# My Story



## FarmerSteve (Jan 4, 2009)

Last year was the first time I sought help, or more importantly even talked about, my emotional/mental issues. I think it all started in my childhood...with my mom. She was very touchy, she would swing from normal to abusive to loving, all in a days time. I remember one incidence in High School where I was sitting in my room studying and she came out of nowhere and started screaming at me, telling me I didn't love her, all unwarranted. During High school I started to notice my own mood swings, but I was able to keep it to myself. Outwardly I could act "normal" even friendly to strangers, but inside I didn't feel so right. 
My coping strategy during High school was running, I would run 60-80 miles a week, two runs a day. My senior year I got sick and had to take some time off, so in order to get in shape for college I picked up purging. No matter how much I ran I always felt too heavy, felt like I had weights attached to my ankles, and purging made me feel like I was getting back on track. 
When I got to college I was able to stay healthy for two seasons, but going into spring I got injured. This was my first run in with depression. Without running my life seemed somewhat empty, I was rarely in good moods and life generally sucked. I continued to get injured on and off for the next two years, never able to compete during that time.  My second year of college I met a girl and we really feel in love. A few months into it I started to have problems, my moods would swing wildly. We would be having a good time and then snap, I was Mr. Mean. I became irritable and generally not a nice person. However I would have these glimmers of super happy times, extremes. Eventually we broke up...for the best. 
A few months later I met another girl, and repeat. 
During the bad times I knew I shouldn't be acting like I was, I couldn't snap myself out of it. During the good times I was nuts, super energetic, happy, smiley, life was good. 

A few months ago I finally spoke to my PCP about all this and he prescribe me Prozac. It was a three month period and after the first month I felt pretty good. But a month after the medicine stopped I went back to the old ways.  A few days ago I was prescribed a higher dosage, but its making me feel kinda insane...

Sorry this was sooooo long...


----------



## white page (Jan 4, 2009)

HI farmersteve ,


> A few months ago I finally spoke to my PCP about all this and he prescribe me Prozac. It was a three month period and after the first month I felt pretty good. But a month after the medicine stopped I went back to the old ways. A few days ago I was prescribed a higher dosage, but its making me feel kinda insane...



I read your story with sympathy , not long at all btw.
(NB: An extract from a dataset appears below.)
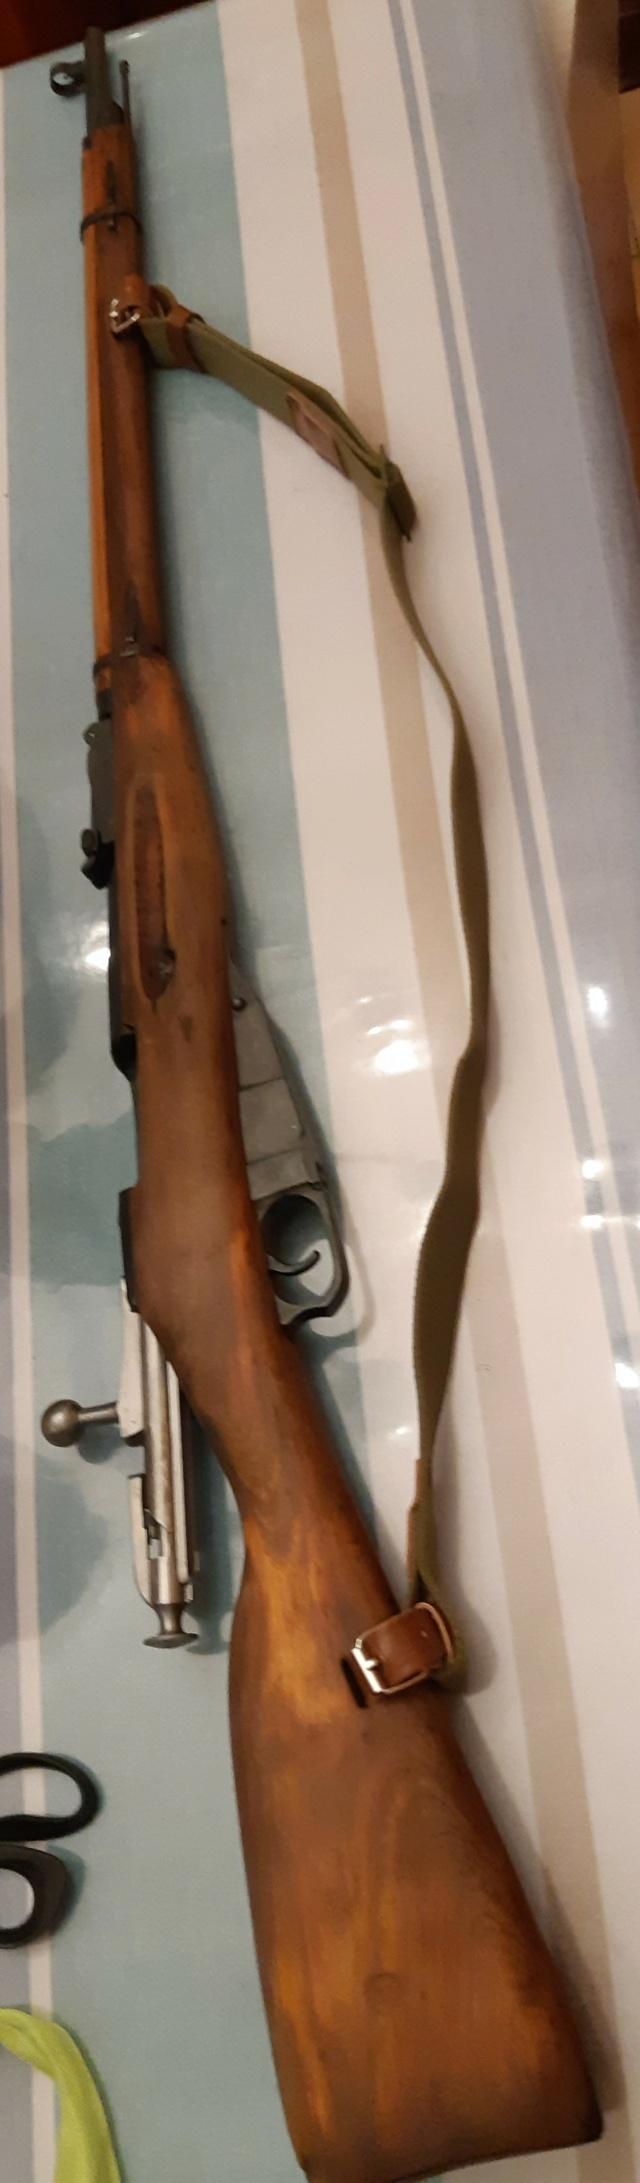 Mosin Nagant 91/30 de 1942 20200712

did you have therapy whilst taking prozac .  I'm not sure what a PCP is but I'm assuming he is a psychiartric practitioner .  when are  you seeing him again ?

best wishes wp


----------



## Jazzey (Jan 4, 2009)

I agree. Not long at all FS.  Thank you for sharing your story with us.  I know it's not easy to tell our stories sometimes.

WRT the medications - Have you done a little search through the forums here?    There are some resources to explain some side effects of medications.  Off the top of my head, I think that it'll take some time for you to get accustomed to the new dosage and/or, find the right dosage that works with you.  

Again, I'm happy you posted!


----------



## Daniel (Jan 4, 2009)

> I'm not sure what a PCP is


Primary care physician/provider.   Around where I live, the PCPs are comfortable prescribing one antidepressant at a time.    Otherwise, a psychiatrist is needed.


----------



## Into The Light (Jan 4, 2009)

sorry to hear of your troubles steve. i am glad though you are trying the medication again. 

was there any reason why you stopped the medication after 3 months? typically to get the full benefit of an anti-depressant one should take it for a year before discontinuing, just to "reset" the brain back to normal functioning and to keep it there before letting the brain handle things on its own.


----------



## white page (Jan 4, 2009)

Daniel said:


> Primary care physician/provider.   Around where I live, the PCPs are comfortable giving out one antidepressant at a time.    Otherwise, a psychiatrist is needed.



Thanks Daniel !  

In that case Farmer steve , it might be a very good idea to see a psychiatrist who  would make a more in depth diagnosis for the reasons of your mood changes , and maybe give you more appropriate specific meds . according to the diagnosis .


----------



## NicNak (Jan 4, 2009)

I am glad you shared your story Farmer Steve   It was not so long, no worries 

Like Jazzey says, it is not easy too, but glad you feel comfortable to do so. :support:

Is there any way you can call your PCP to talk about the how the higher dosage is making you feel?  Or make an appointment to discuss it?  Maybe they can get you a Psychiatrist or Psychologist.  Specialty doctors are so very helpful.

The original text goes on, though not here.